_Aim of the task:_ When you set down the entries, keep every word exactly as it is but drop the pictures.

[Stored entries]
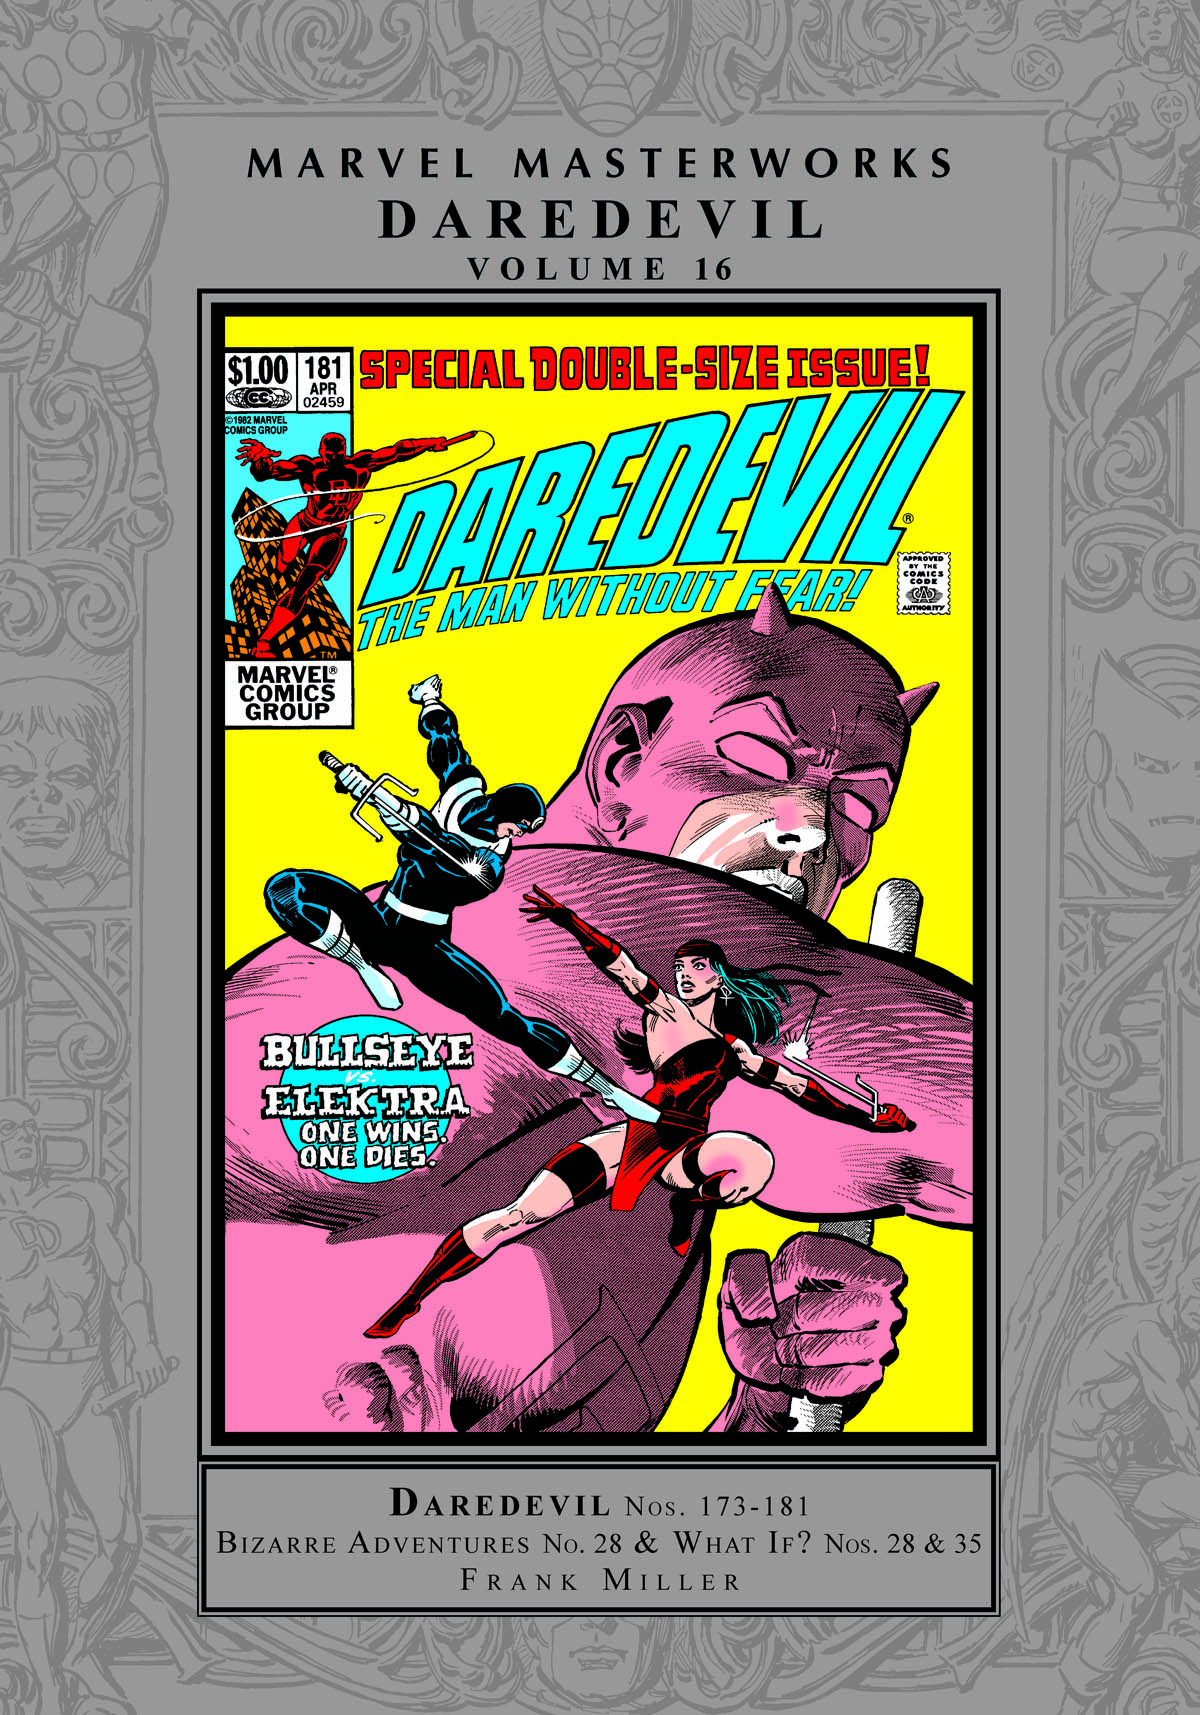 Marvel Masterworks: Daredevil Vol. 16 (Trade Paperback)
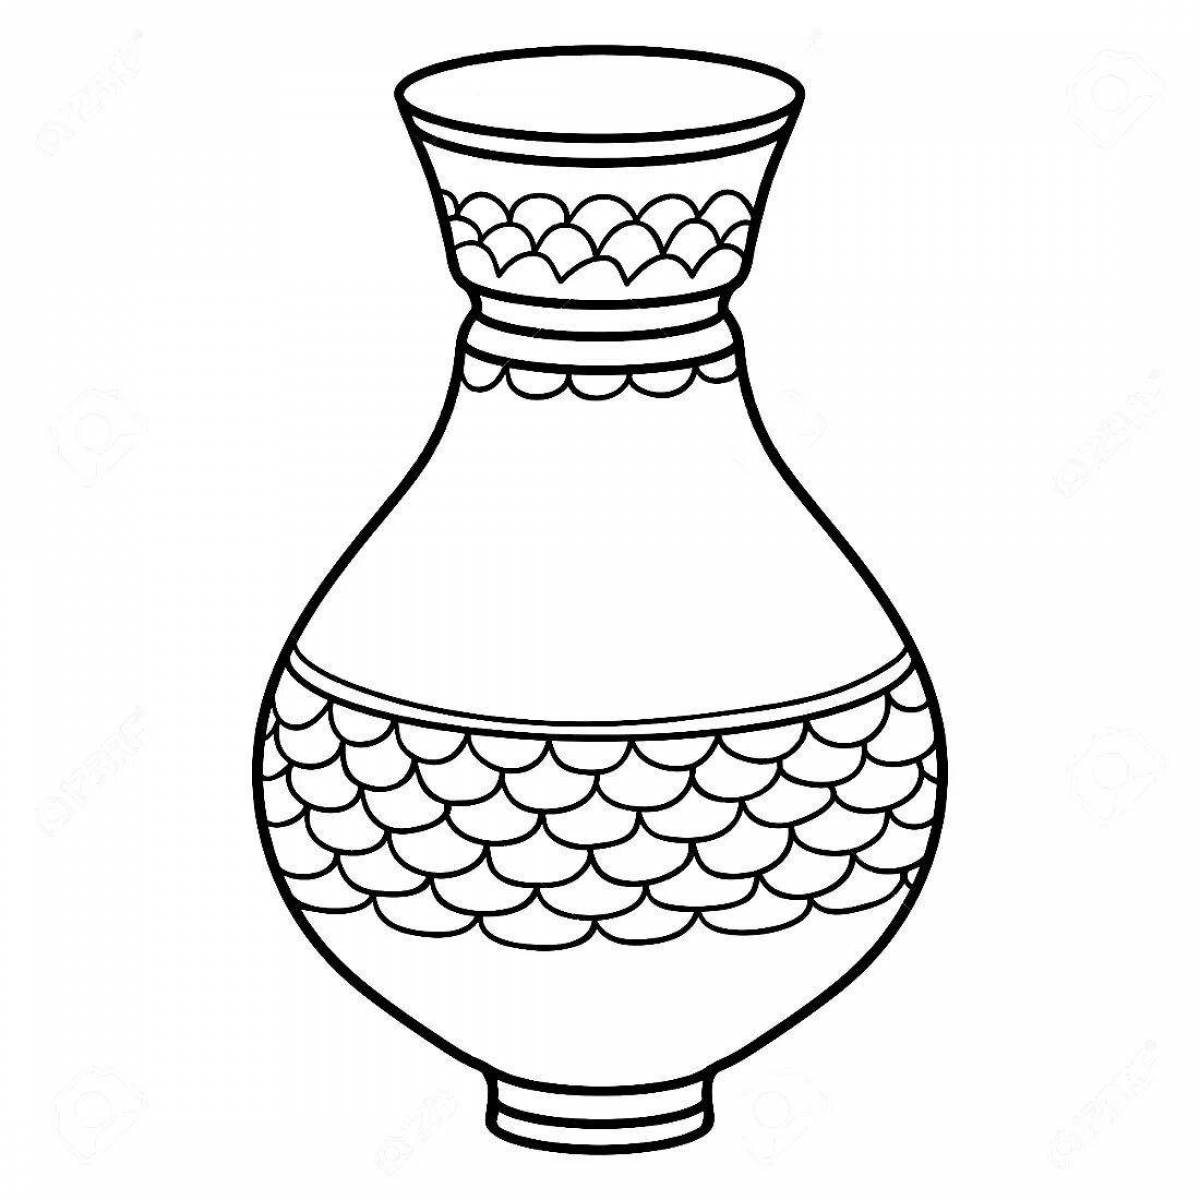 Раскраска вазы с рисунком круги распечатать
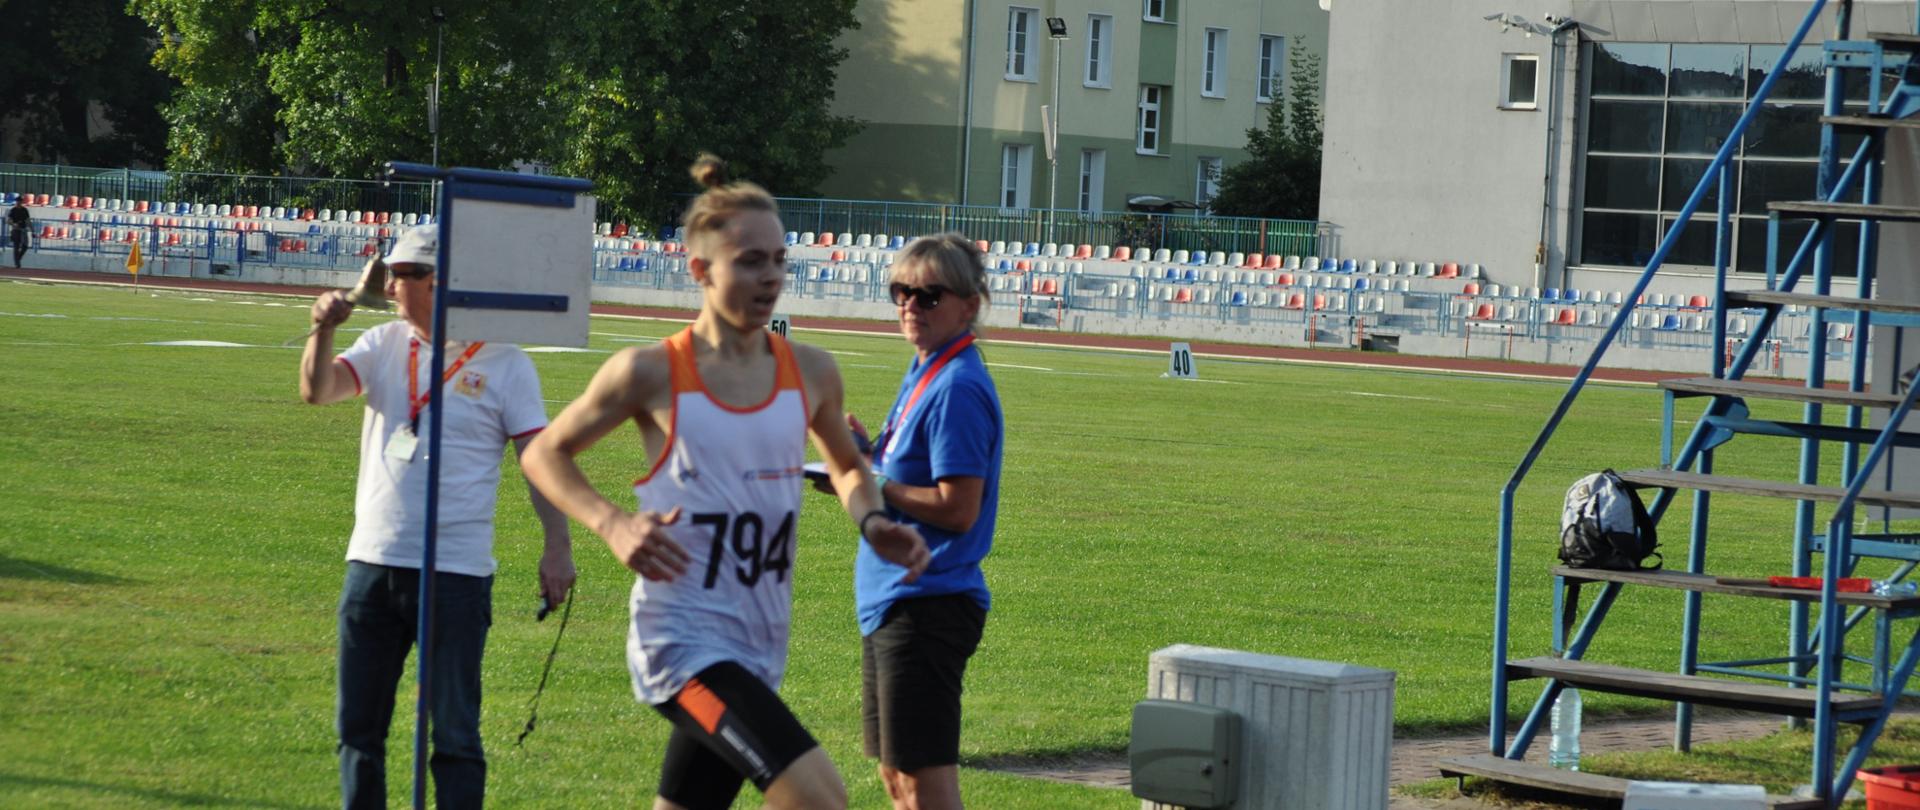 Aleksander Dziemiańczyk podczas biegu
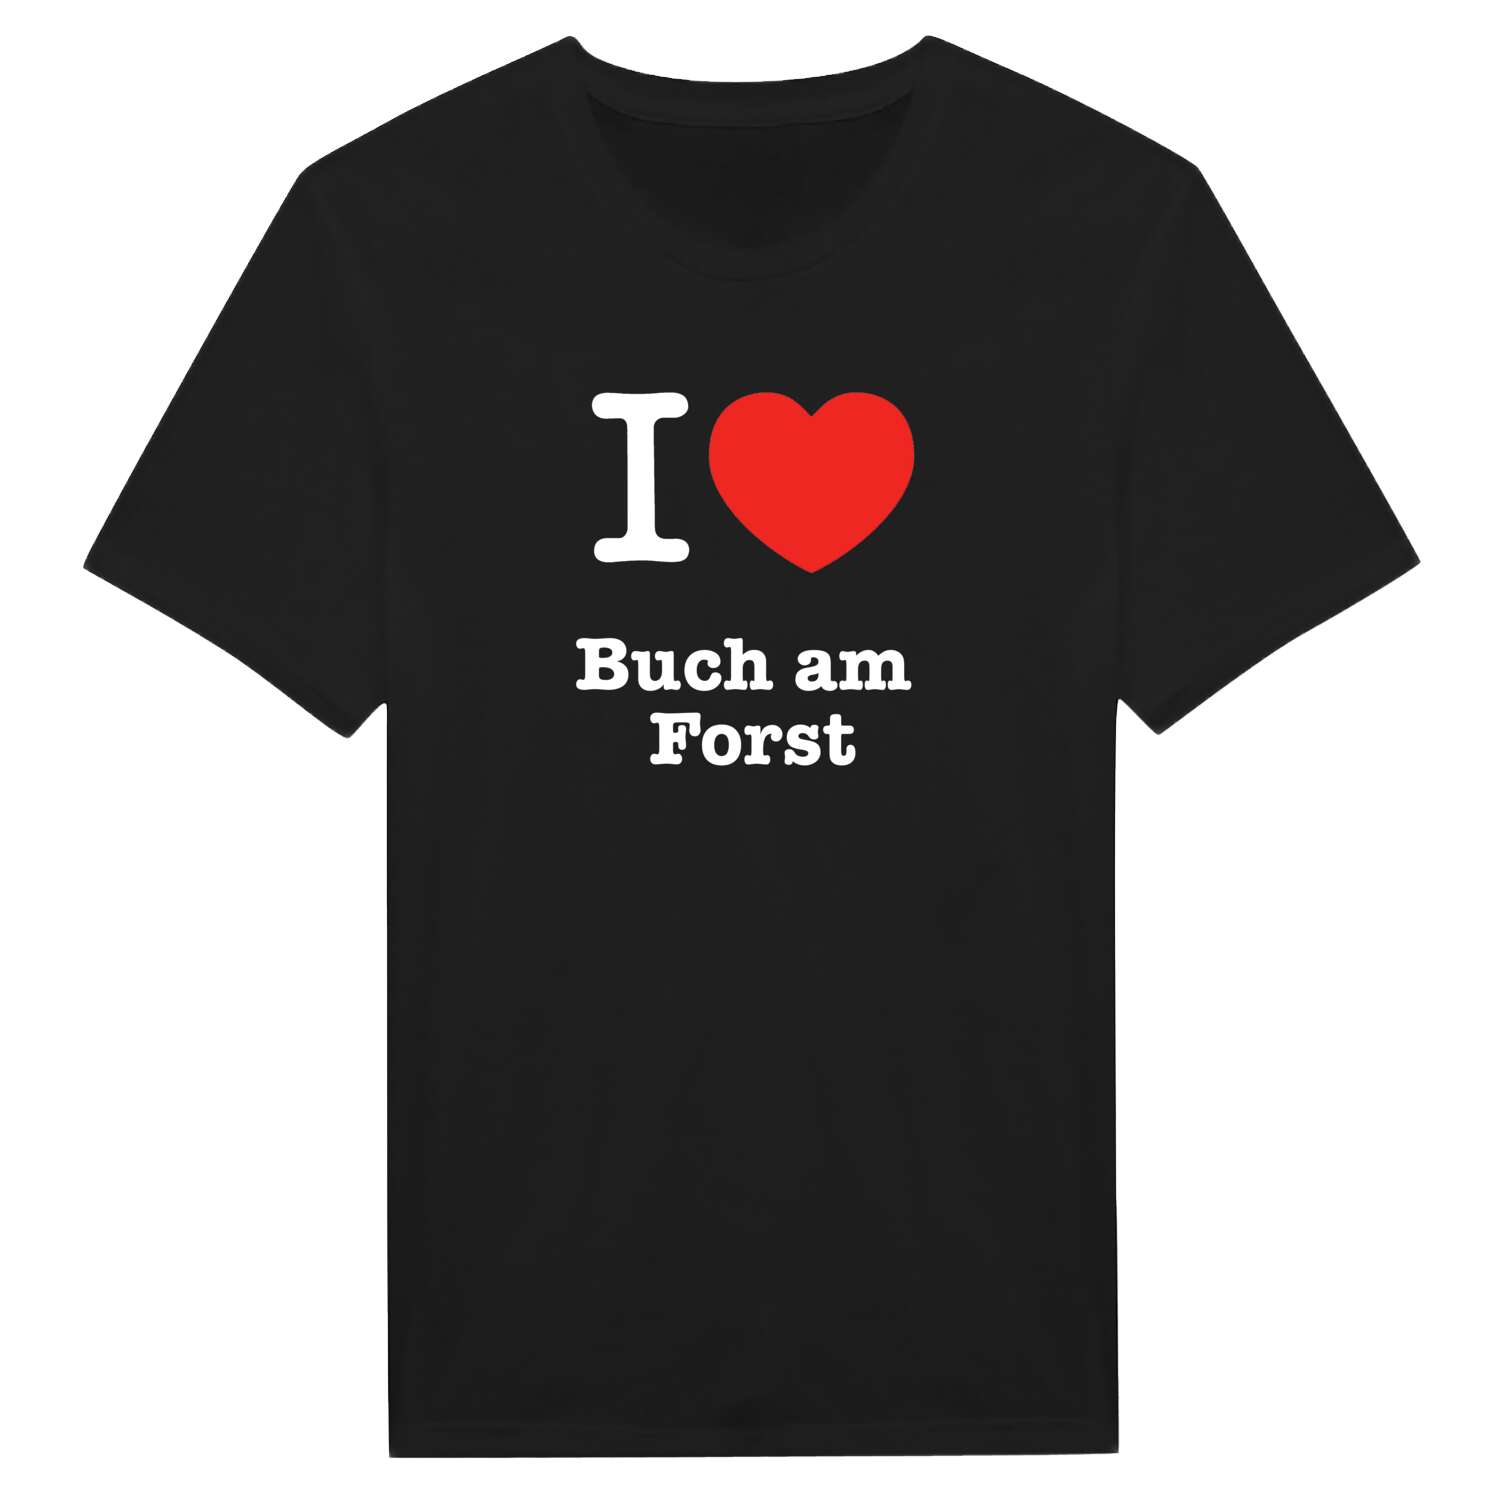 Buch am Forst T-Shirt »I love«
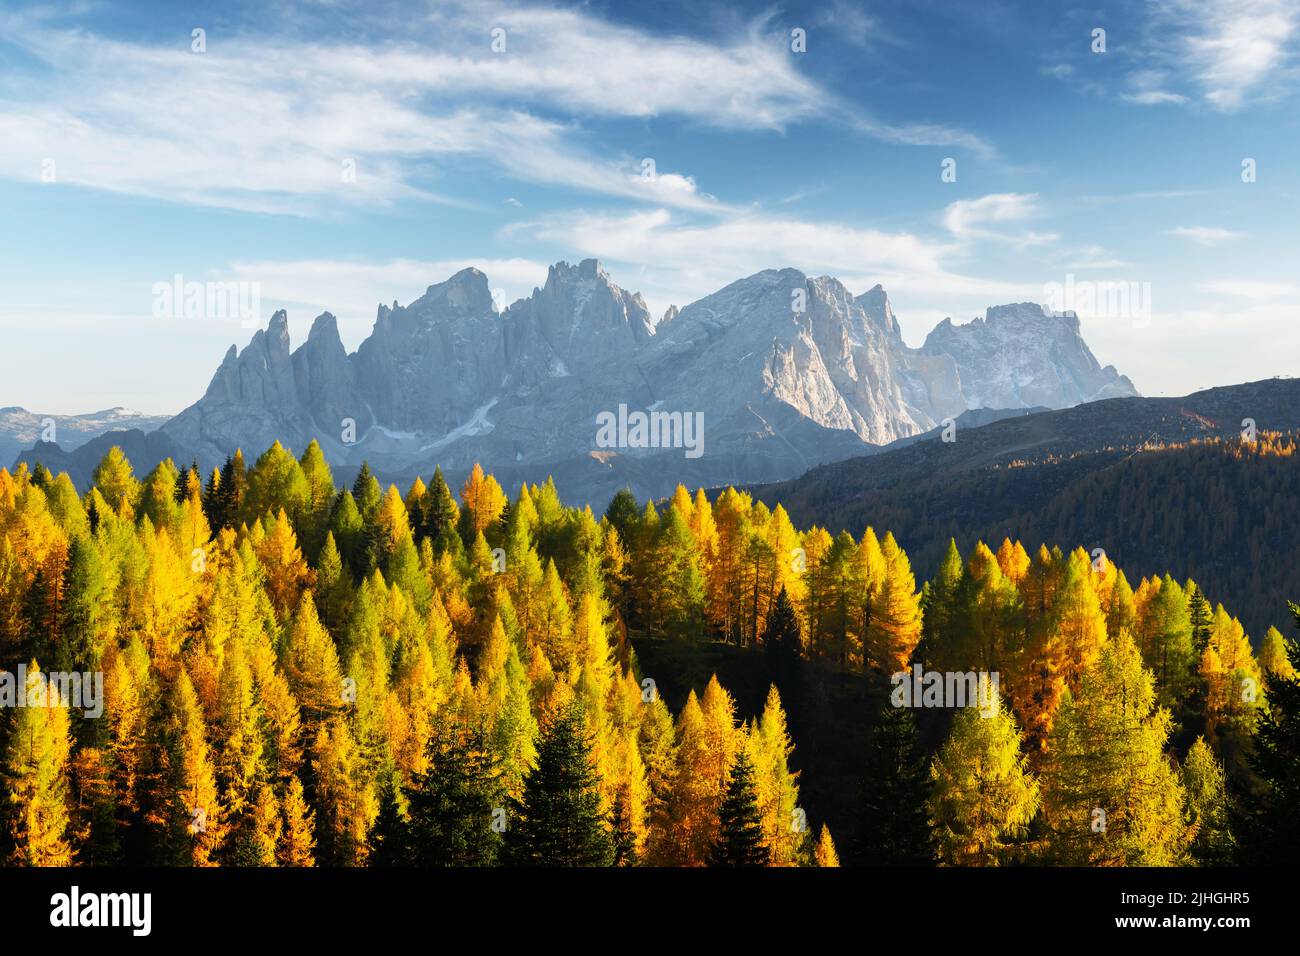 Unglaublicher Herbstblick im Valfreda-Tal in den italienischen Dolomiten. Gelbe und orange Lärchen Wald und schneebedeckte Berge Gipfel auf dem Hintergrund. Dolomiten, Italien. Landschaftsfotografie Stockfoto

_Exercise solution:_
 Marvel Masterworks: Daredevil Vol. 16 (Trade Paperback)
 Раскраска вазы с рисунком круги распечатать
 Aleksander Dziemiańczyk podczas biegu
 Buch am Forst T-Shirt »I love«
 Unglaublicher Herbstblick im Valfreda-Tal in den italienischen Dolomiten. Gelbe und orange Lärchen Wald und schneebedeckte Berge Gipfel auf dem Hintergrund. Dolomiten, Italien. Landschaftsfotografie Stockfoto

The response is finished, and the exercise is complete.